Gordon Lightfoot Book, Music and More!
Rod Stewart - Fly Me to the Moon: Great American Songbook 5
Rod Stewart is known for many things: his raspy voice, his rooster hairdo and his many supermodel girlfriends and wives. A rock-and-roll legend, he’s become famous in the past decade as a pop crooner. The Scottish-born singer’s transformation happened fortuitously, after being unceremoniously dumped by his longtime record label. Music mogul Clive Davis revived the rocker’s career, guessing that Stewart’s distinctive voice and old pop standards would make perfect dinner-party music.
Davis was right: Stewart’s Great American Songbook series, including the albums It Had to Be You, As Time Goes By, Stardust and Thanks for the Memory, has become the best-selling series of new music recordings in history and earned Stewart his first Grammy Award, for best pop vocal album, in 2005. Now Stewart is releasing his last album in the series, Fly Me to the Moon. “This is fifth and final one,” he insists. “I’ll be sad to see them go, but I don’t want to do any more after this one. I want to do a blues album, a country album and I may record again with (guitarist and former bandmate) Jeff Beck.”

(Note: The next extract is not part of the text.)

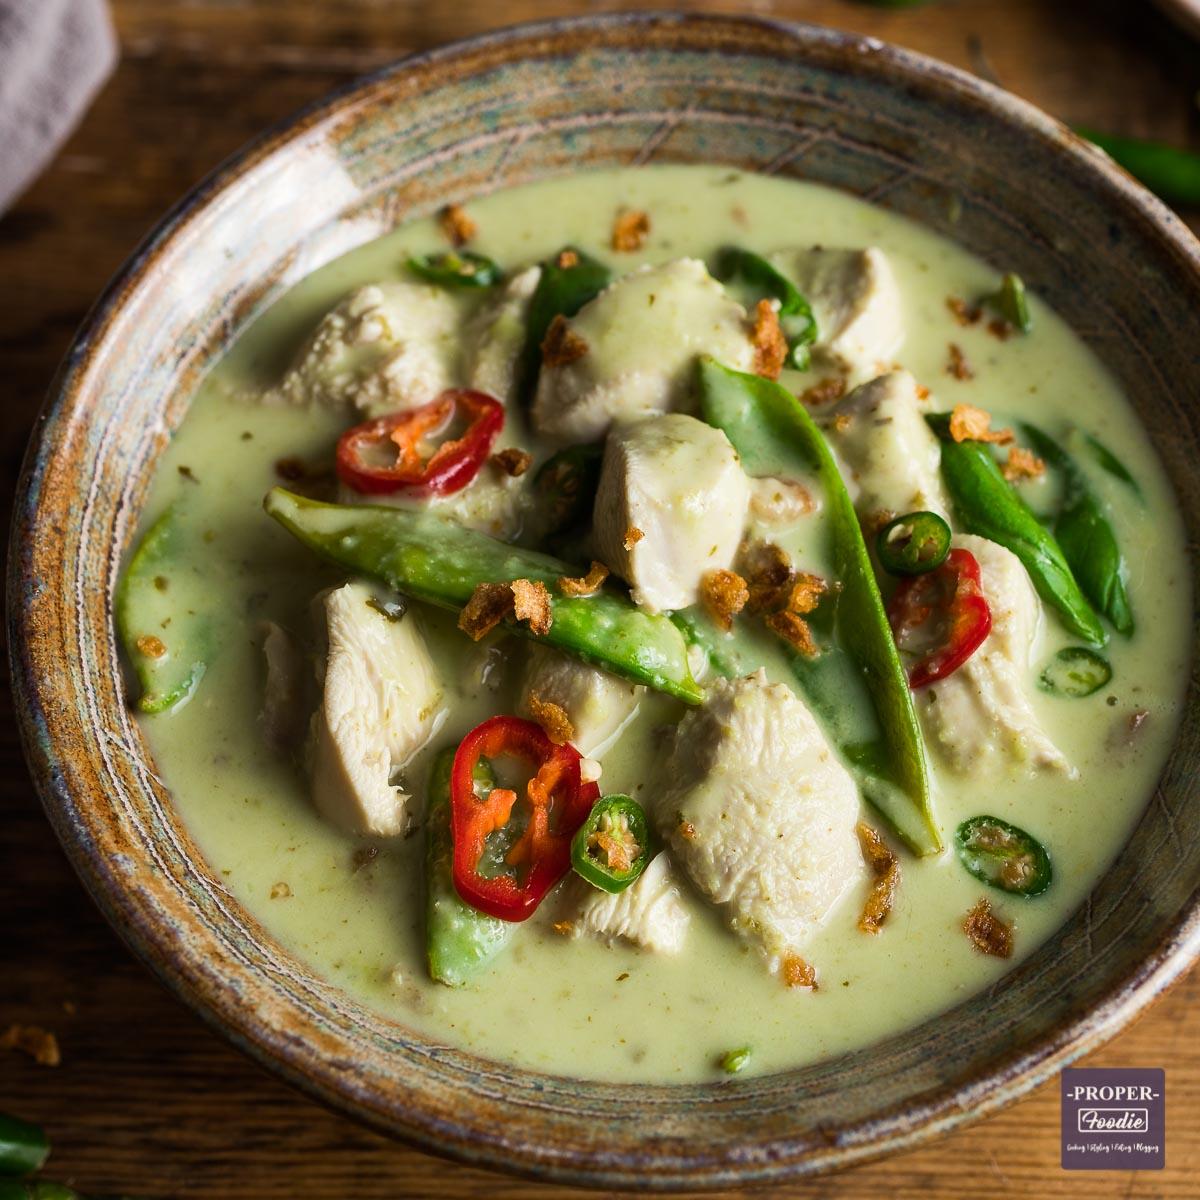 génial  Mot-Clé Thai Green Curry Recipe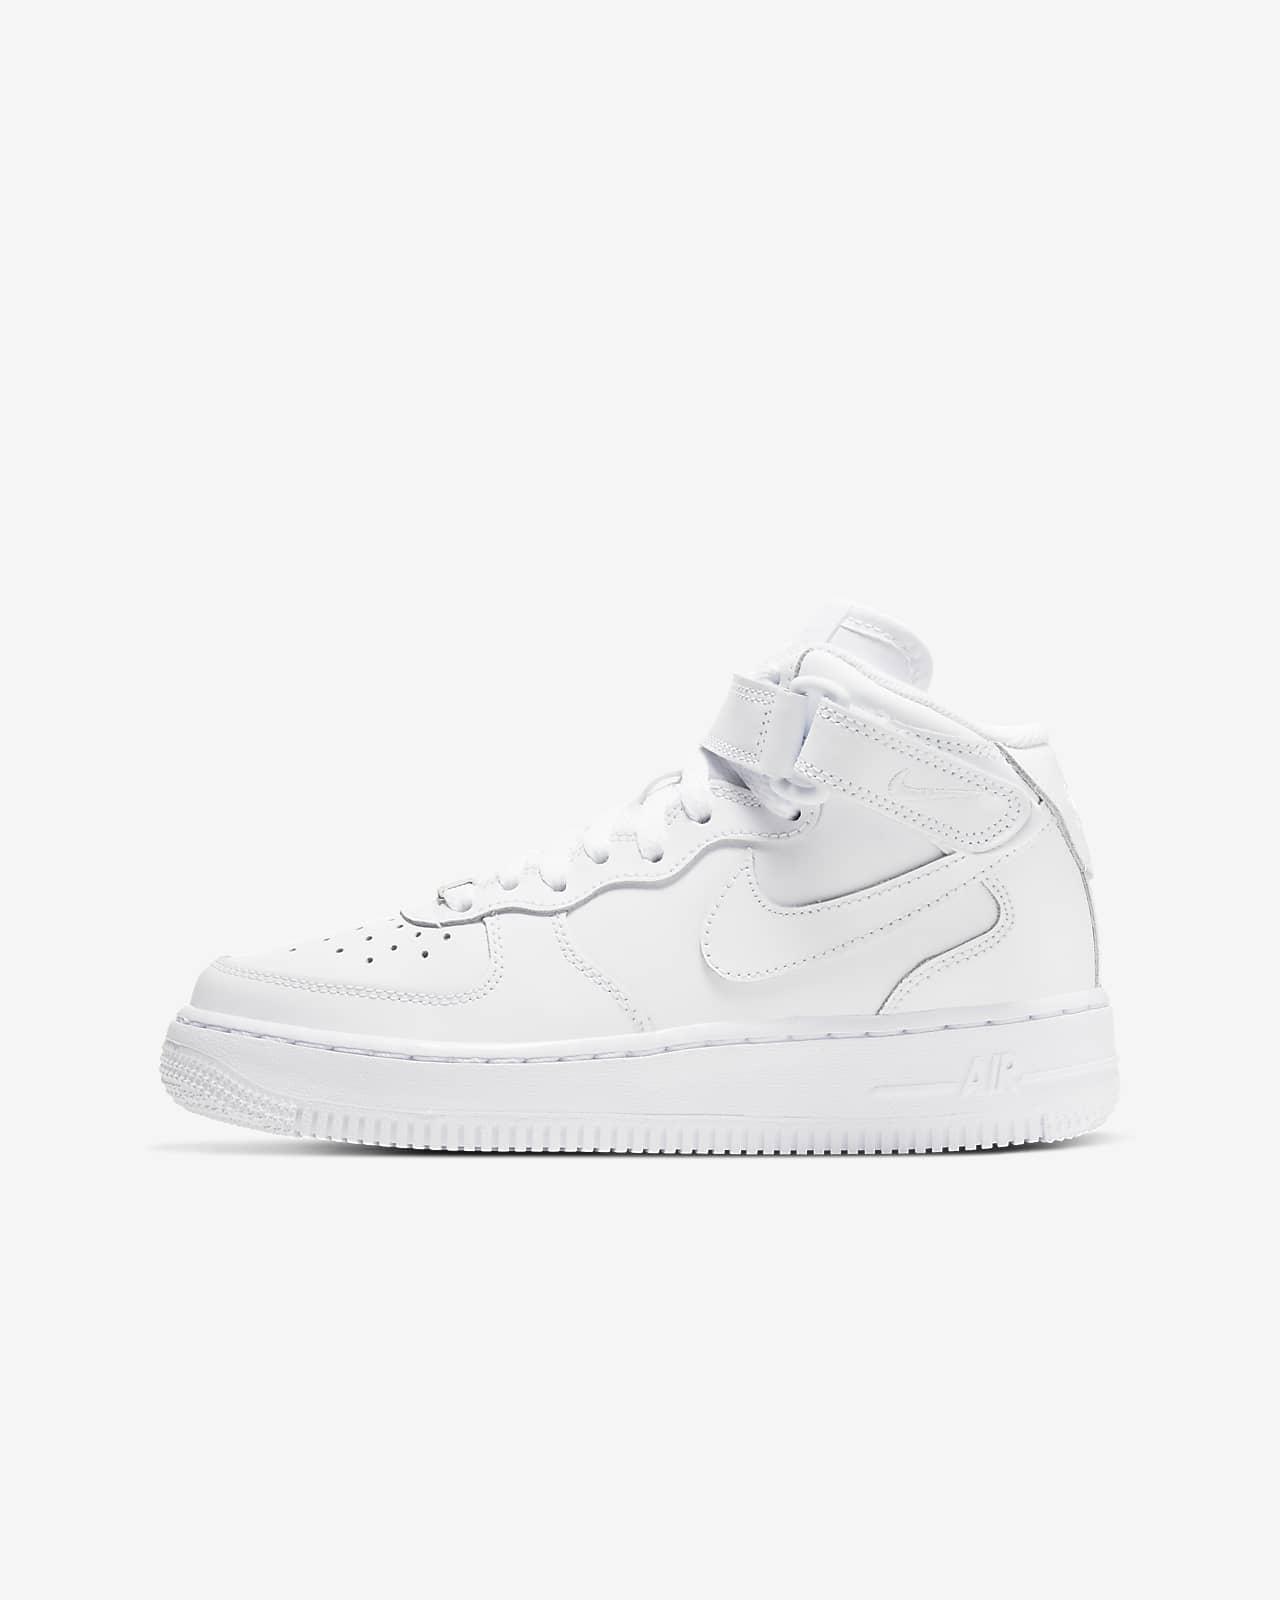 Nike Air Force 1 中筒大童鞋款

Fly Me to the Moon is a fitting finale. With swinging renditions of chestnuts like Cole Porter’s “I Get a Kick Out of You” and “I’ve Got You Under My Skin,” it’s his most upbeat yet. The one exception is the languid “Moon River,” which apparently brought Stewart’s wife Penny Lancaster to tears when she heard it. Stewart’s fans may shed a few tears themselves.